LONDON: After more than 10 years in discussions, Russia and China have finally signed a 30-year gas agreement worth US$400 billion.
The deal comes as Russian state-run gas producer Gazprom is threatening to cut off supplies to Ukraine, which owes the supplier more than US$3 billion in arrears.
It highlights the difficulties and strains in Eastern Europe and diplomatic strains in Western Europe.
Russia has, of course, been keen for some time to find alternatives and extra markets for its gas supply because of the potential threat of sanctions over the crisis in Ukraine.
Now, the European Union is urging Russia not to disrupt the gas flow to Ukraine, and instead to resolve this issue of some US$3.5 billion of arrears to Gazprom before the deadline runs out in 10 days' time.
The European Commission’s president Jose Manuel Barroso said that the issue must be settled.
Gazprom is threatening to cut off the gas supply to Ukraine if the issue of the multi-billion-dollar arrears is not resolved, and this could affect other European countries.
Ukraine serves as the main transport route for Russian gas supplies to the continent, so the knock-on effect of cutting off to Kiev is far wider than just Ukraine itself.

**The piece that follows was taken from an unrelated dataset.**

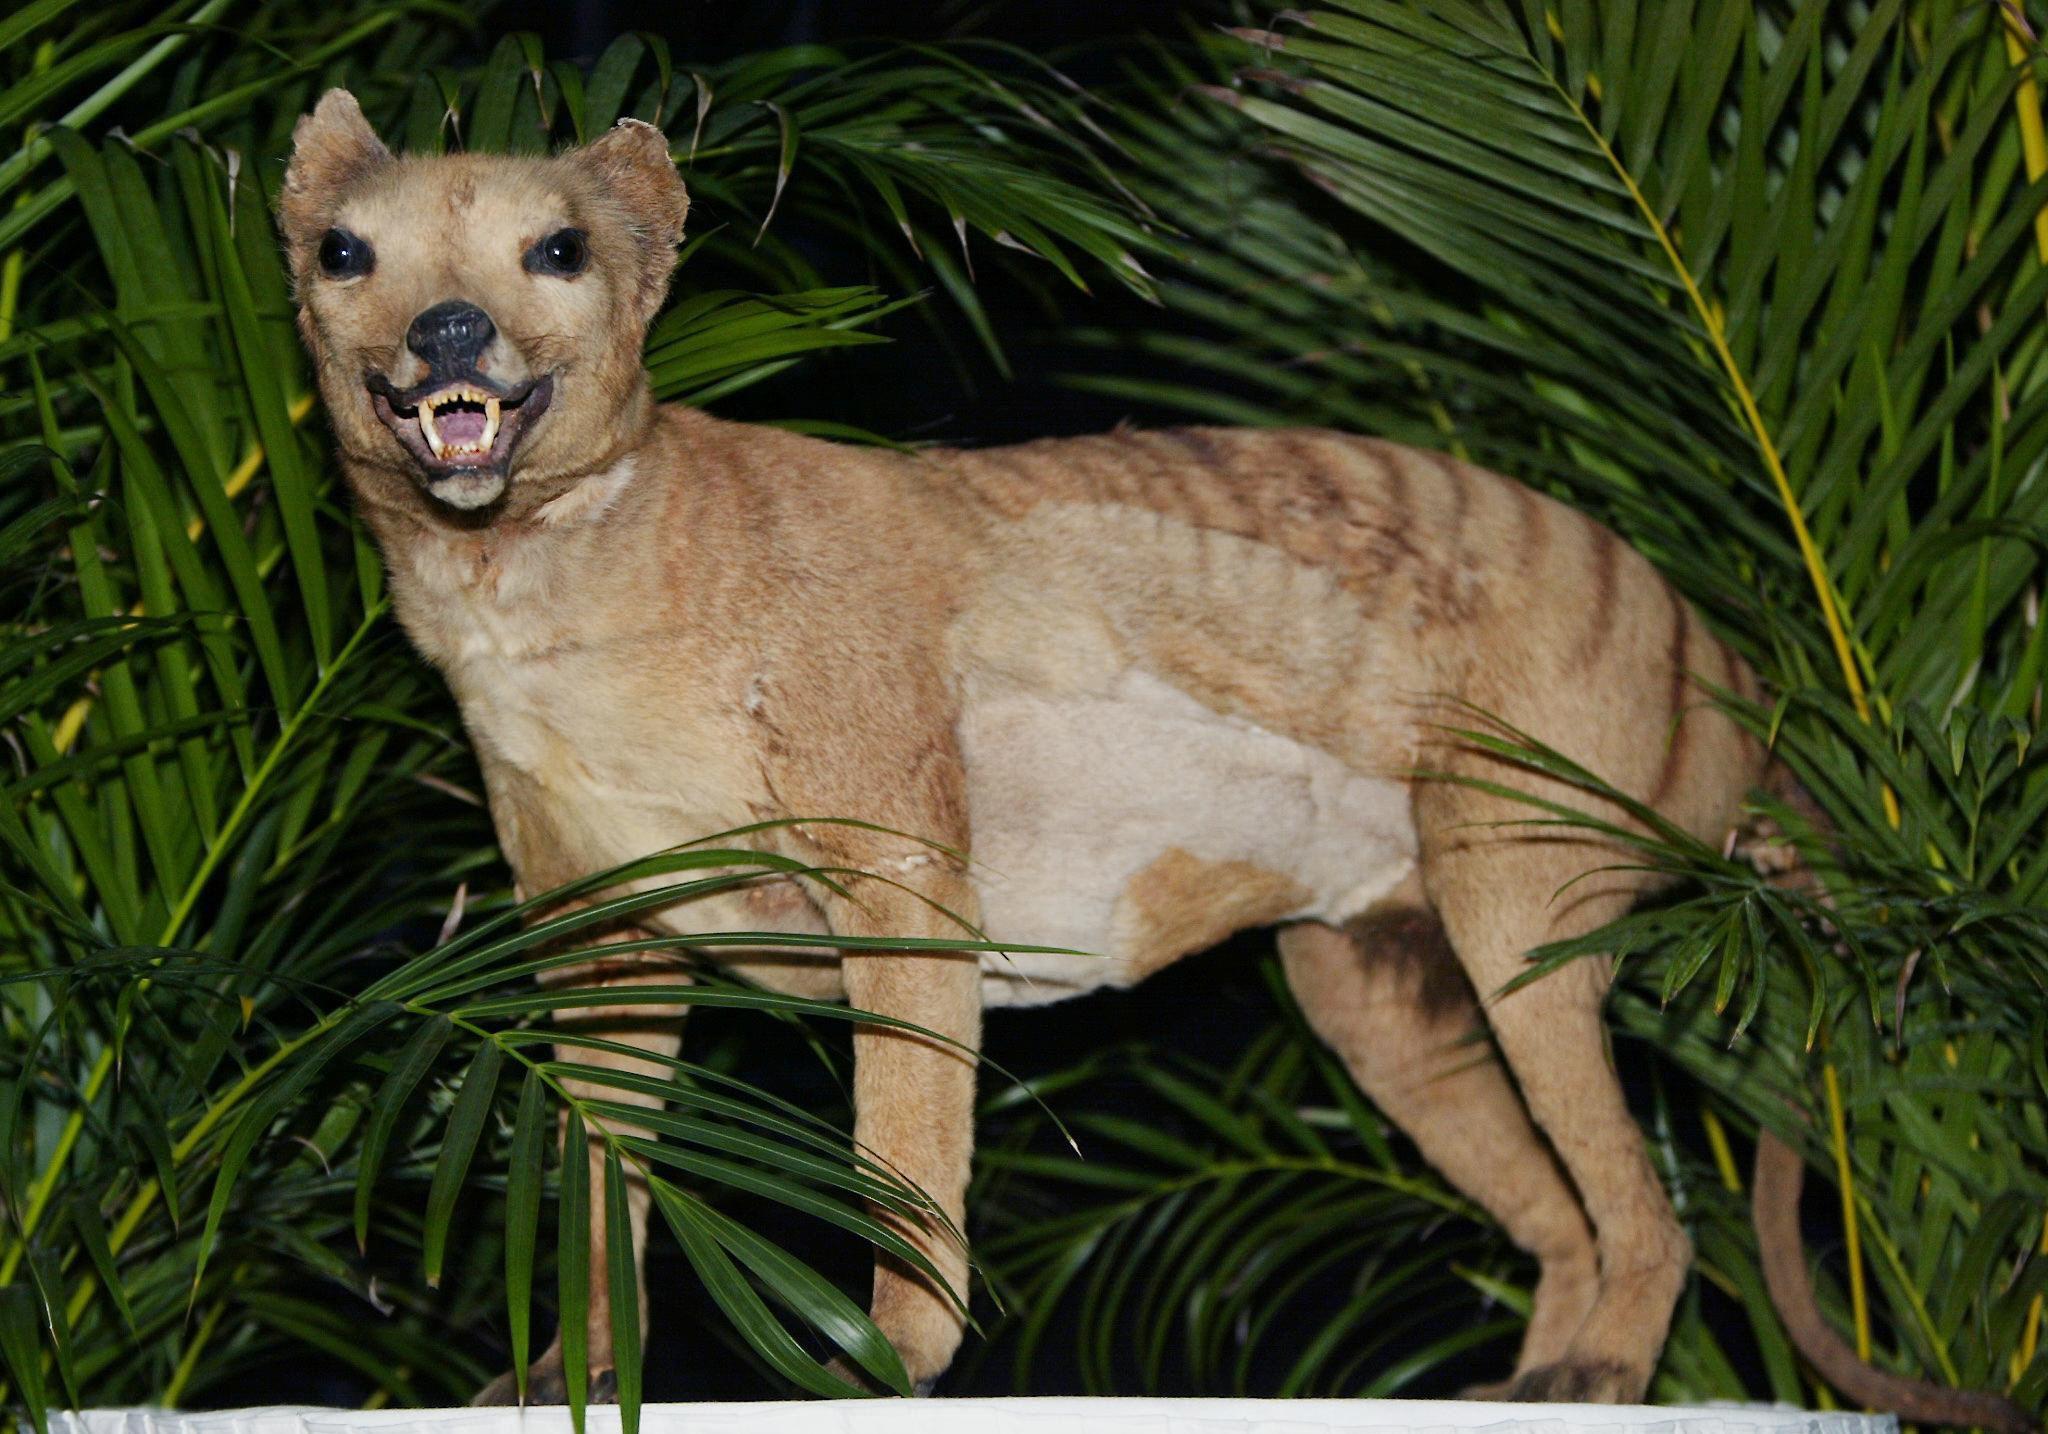 Tigre-da-tasmânia, declarado extinto em 1936, no museu de Austrália, Sydney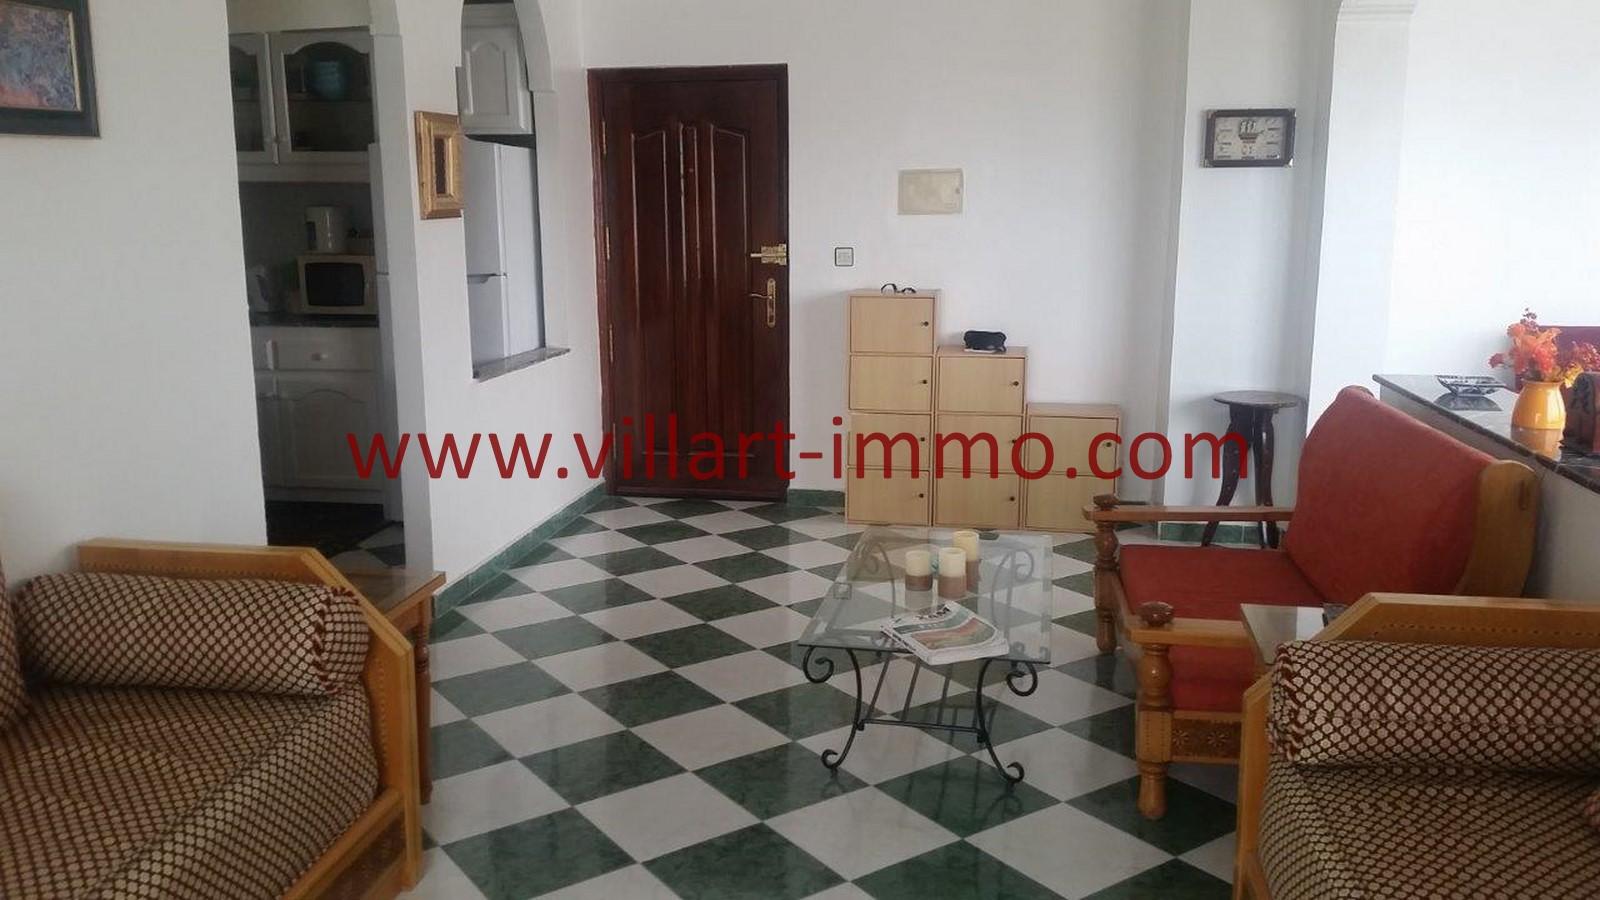 3-Location-Appartement-Tanger-Centre ville-Couloir-L984-Villart immo

The EU Commission, throughout the negotiations over the last few months, has been acting as an intermediary between Moscow and Kiev.
But there is now a sense of real pressure following the China-Russia deal to resolve this issue with just 10 days to go until that deadline, as many people are worrying there could be serious knock-on effects across the whole European continent.